Tax wears many musical hats. He's an alum of the Perlman Music Program and has been coming to Sarasota to study and perform since 2007. He's a violinist with Sarasota Orchestra who is the founder and artistic director of Soundbox Ventures, a music "think tank."
In 2022, Soundbox founded the Suncoast Composer Fellowship Program to partner emerging composers with mentors and performers.
This year, Soundbox is taking Suncoast public by launching the inaugural Suncoast Composer Festival. With a lineup of ticketed and free lectures and performances, the festival promises to be a worthy addition to Sarasota's vibrant classical music scene.

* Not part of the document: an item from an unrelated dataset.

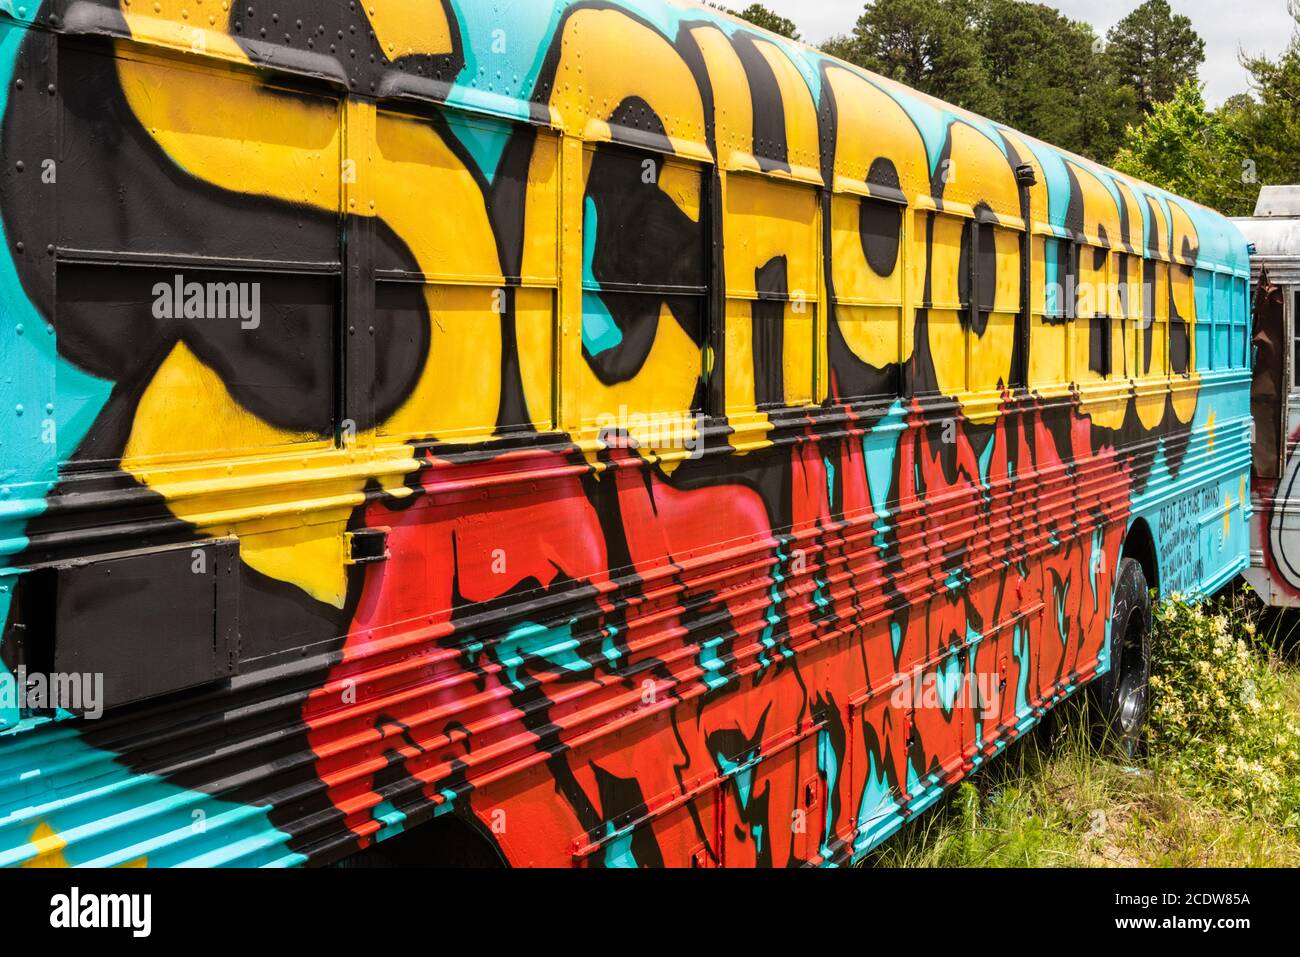 Awesome School Bus, credited to Google maps., PatrickRich

Tan and his associates at Suncoast have given a lot of thought to the state of classical music today, including how to attract a new generation of fans who may have a more casual or even interactive approach to enjoying music.
Case in point: It is verboten in the classical music world to applaud between movements of a work. But at this summer's Sarasota Music Festival, it was not uncommon for audiences to reward the festival's young fellows with enthusiastic applause after a solo.
Tan says he would have had no problem with the spontaneous applause. "If they feel they want to express admiration, I don't think the audience should be stopped," Tan says.
Of course, the venue also figures into the equation. A music festival has a more casual vibe than a formal concert.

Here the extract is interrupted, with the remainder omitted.